> **STORED DATA**:
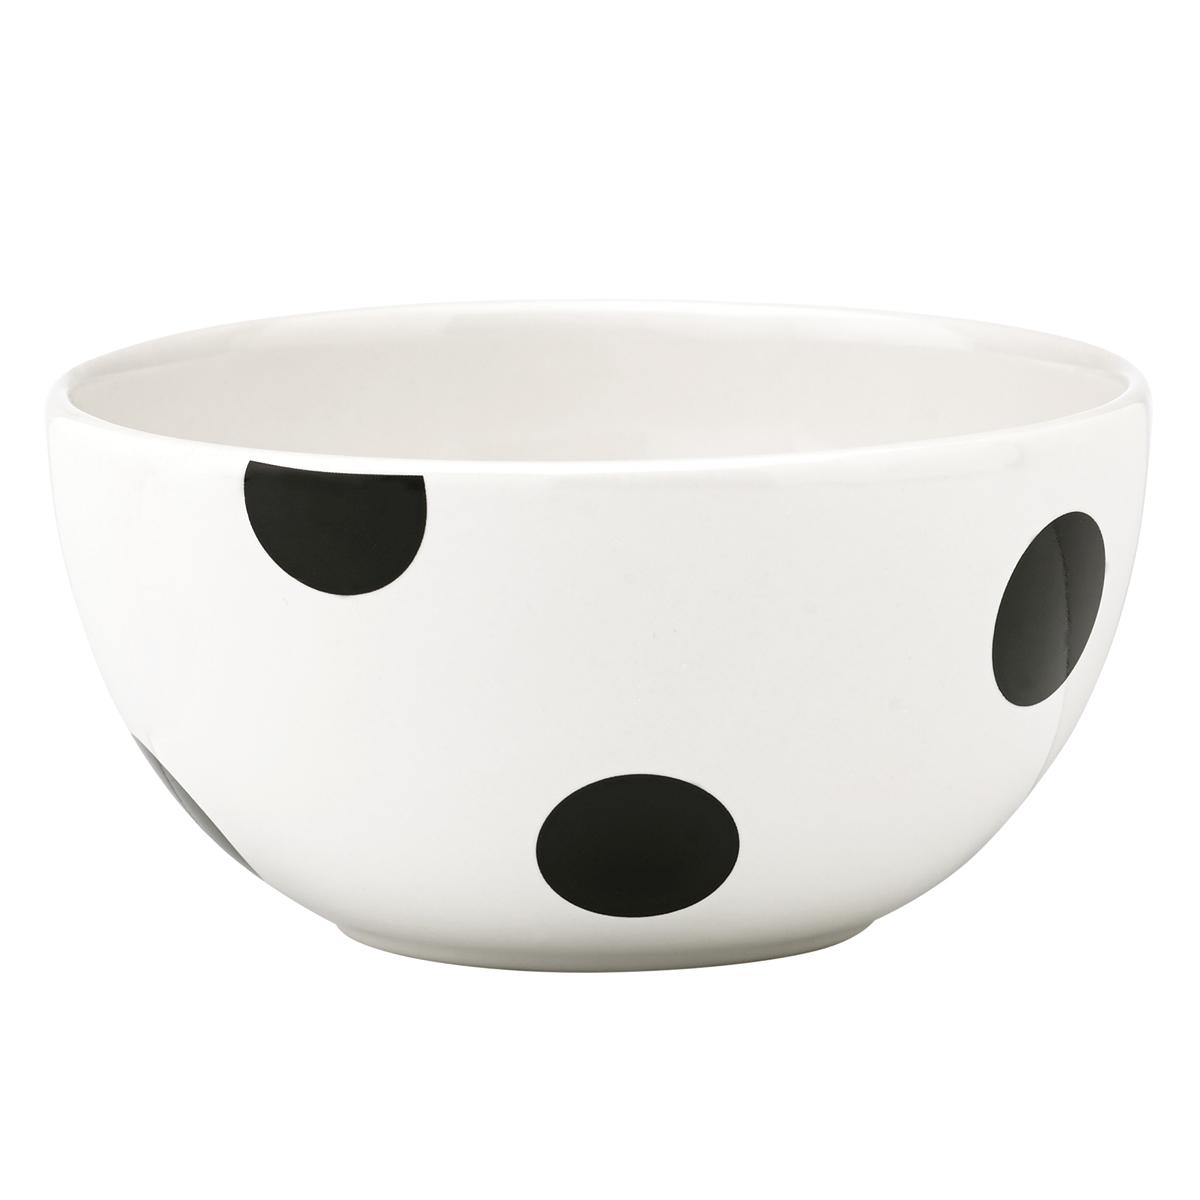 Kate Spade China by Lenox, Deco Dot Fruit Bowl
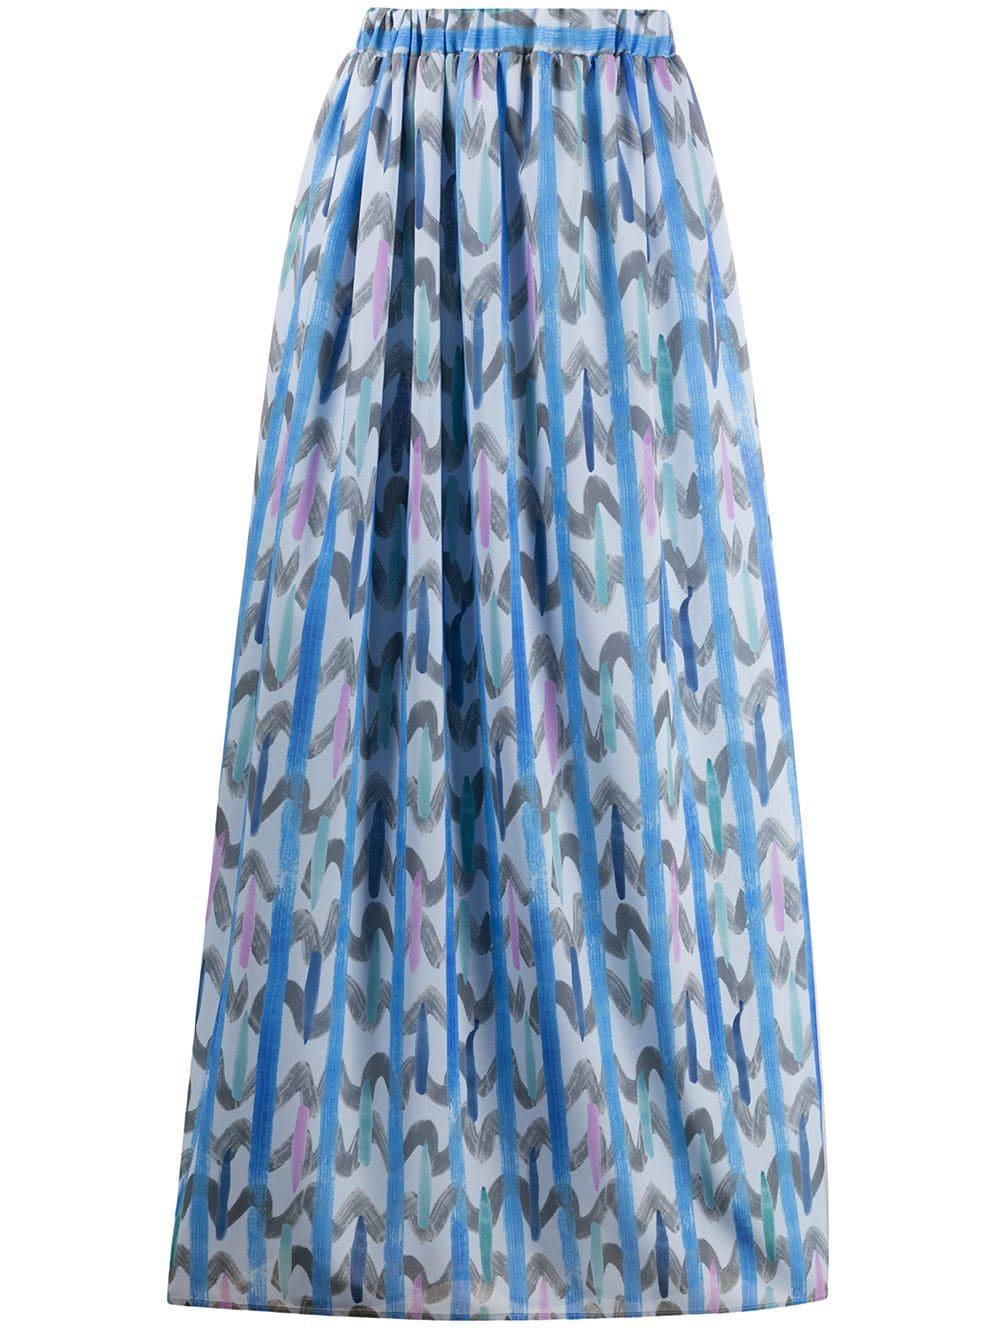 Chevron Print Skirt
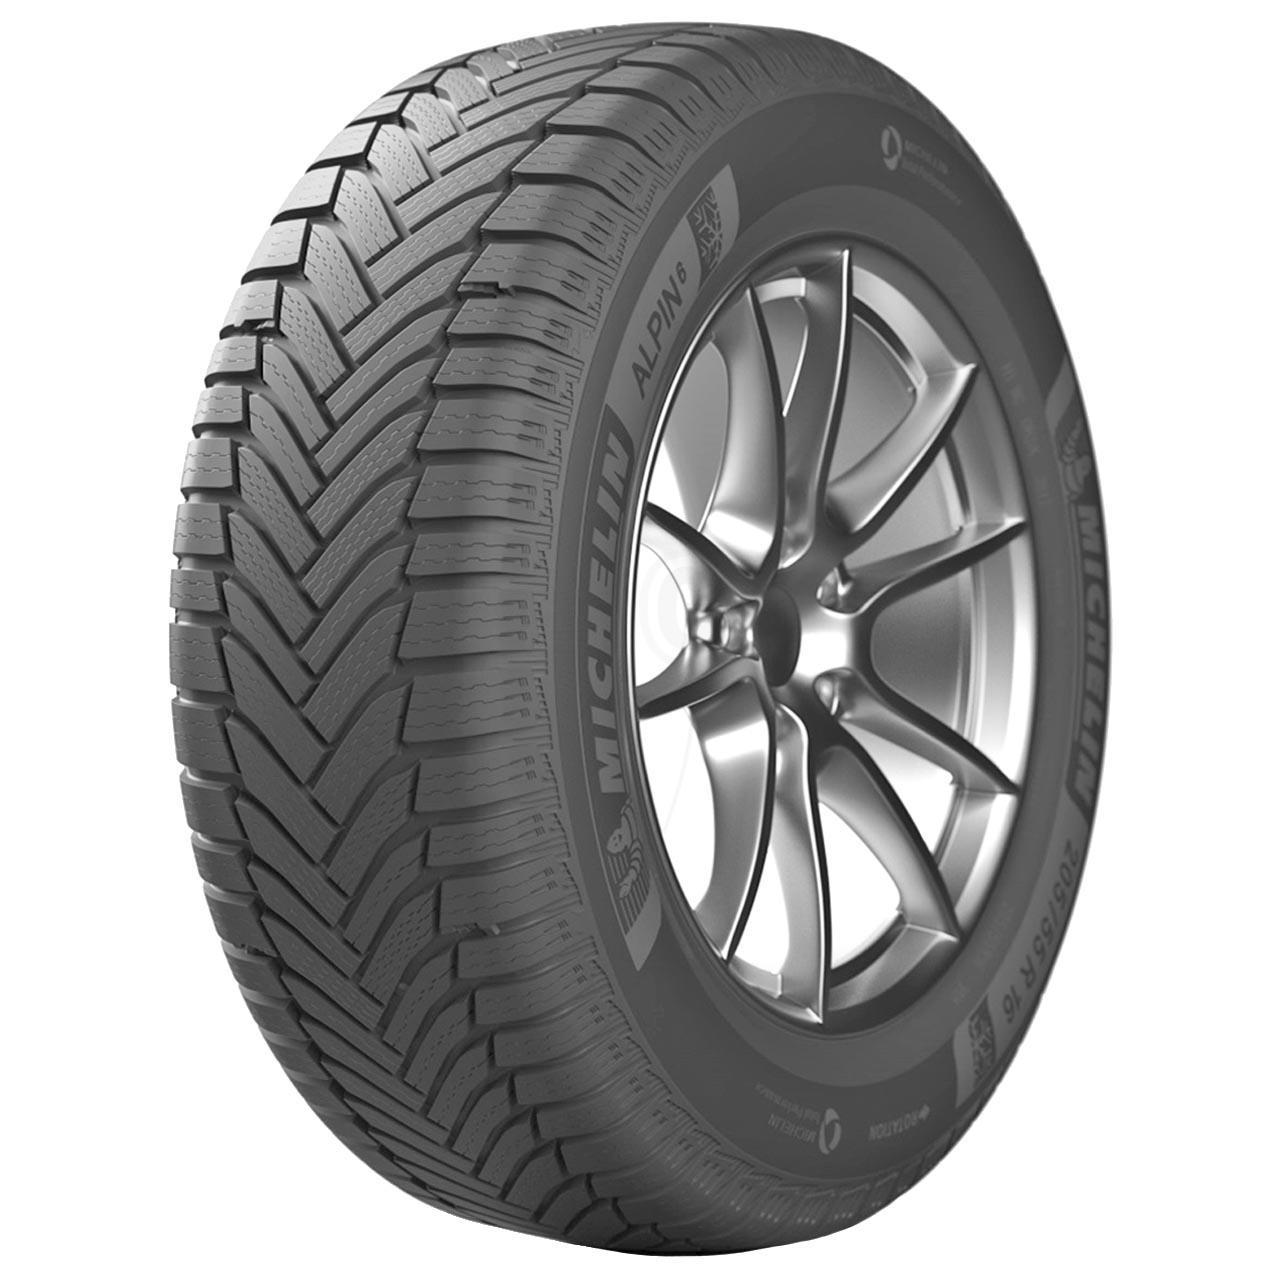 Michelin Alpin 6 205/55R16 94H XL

> **AIM OF THE EXERCISE**: Your answer must be an exact copy of the lines from the one with "Chevron Print Skirt" through the final line of the data, both included, without any pictures.

> **RESPONSE TO THIS EXERCISE**:
 Chevron Print Skirt
 Michelin Alpin 6 205/55R16 94H XL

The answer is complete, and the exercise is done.